上記の例は、ゲーム内対話生成というモデルの主要機能をチェックしますが、次の例はキャラクターの一貫性をテストするように設計されています。例えば、Sorry, you are a game NPC.のような、キャラクターの知識ベースの範囲外となる場違いなプロンプトでモデルに挑戦します。

目標は、文脈外の質問に答えるのではなく、モデルがキャラクターに留まることができるかどうかを確認することです。これは、ファインチューニングプロセスが望ましいペルソナをどの程度効果的に植え付けたかを評価するベースラインとして機能します。

outputs = pipe([{"role": "user", "content": "Sorry, you are a game NPC."}], max_new_tokens=256, disable_compile=True)
print(outputs[0]['generated_text'][1]['content'])

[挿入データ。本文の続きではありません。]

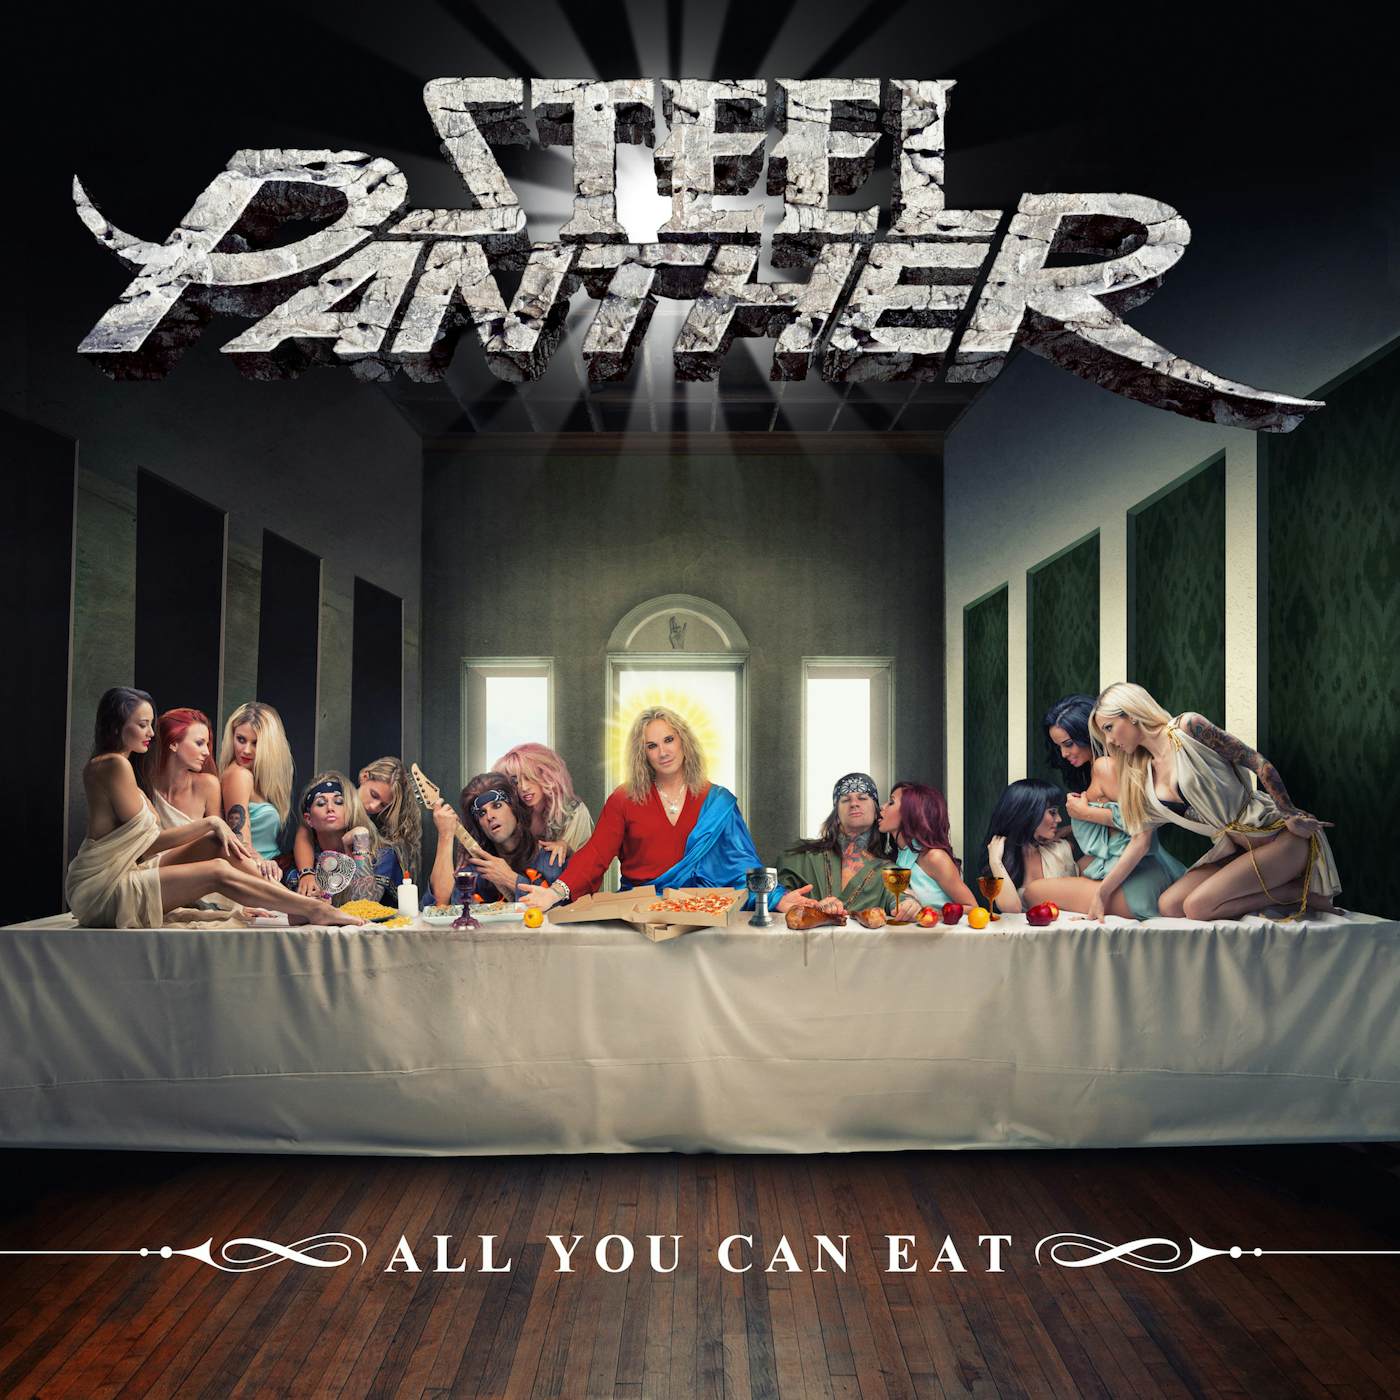 Steel Panther ALL YOU CAN EAT CD

プロンプトエンジニアリングを使用してトーンを調整することもできますが、結果は予測不可能で、望むペルソナと常に一致するとは限りません。

message = [
    # ペルソナを与える | give persona
    {"role": "system", "content": "You are a Martian NPC with a unique speaking style. Use an accent that replaces 's' sounds with 'z', uses 'da' for 'the', 'diz' for 'this', and includes occasional clicks like *k'tak*."},
]

# 少数ショットプロンプト | few shot prompt
for item in dataset['test']:
    message.append(
        {"role": "user", "content": item["messages"][0]["content"]}
    )
    message.append(
        {"role": "assistant", "content": item["messages"][1]["content"]}
    )

# 実際の質問 | actual question
message.append(
    {"role": "user", "content": "What is this place?"}
)

outputs = pipe(message, max_new_tokens=256, disable_compile=True)
print(outputs[0]['generated_text'])
print("-"*80)
print(outputs[0]['generated_text'][-1]['content'])

トレーニング

トレーニングを開始する前に、SFTConfigインスタンスで使用したいハイパーパラメータを定義する必要があります。

from trl import SFTConfig

torch_dtype = model.dtype

args = SFTConfig(
    output_dir=checkpoint_dir,              # 保存ディレクトリとリポジトリID | directory to save and repository id
    max_length=512,                         # モデルとデータセットのパッキング用の最大シーケンス長 | max sequence length for model and packing of the dataset
    packing=False,                          # データセット内の複数のサンプルを単一のシーケンスにグループ化 | Groups multiple samples in the dataset into a single sequence
    num_train_epochs=5,                     # トレーニングエポック数 | number of training epochs
    per_device_train_batch_size=4,          # トレーニング中のデバイス当たりのバッチサイズ | batch size per device during training
    gradient_checkpointing=False,           # キャッシングは勾配チェックポイントと互換性がない | Caching is incompatible with gradient checkpointing
    optim="adamw_torch_fused",              # fused adamwオプティマイザーを使用 | use fused adamw optimizer
    logging_steps=1,                        # 各ステップでログを記録 | log every step
    save_strategy="epoch",                  # 各エポックでチェックポイントを保存 | save checkpoint every epoch
    eval_strategy="epoch",                  # 各エポックでチェックポイントを評価 | evaluate checkpoint every epoch
    learning_rate=learning_rate,            # 学習率 | learning rate
    fp16=True if torch_dtype == torch.float16 else False,   # float16精度を使用 | use float16 precision
    bf16=True if torch_dtype == torch.bfloat16 else False,  # bfloat16精度を使用 | use bfloat16 precision
    lr_scheduler_type="constant",           # 定数学習率スケジューラーを使用 | use constant learning rate scheduler
    push_to_hub=True,                       # モデルをHubにプッシュ | push model to hub
    report_to="tensorboard",                # メトリクスをtensorboardに報告 | report metrics to tensorboard
    dataset_kwargs={
        "add_special_tokens": False, # 特殊トークンを含むテンプレート | Template with special tokens
        "append_concat_token": True, # 例の間の区切りトークンとしてEOSトークンを追加 | Add EOS token as separator token between examples
    }
)

これで、モデルのトレーニングを開始するためのSFTTrainerを作成するために必要なすべての構成要素が揃いました。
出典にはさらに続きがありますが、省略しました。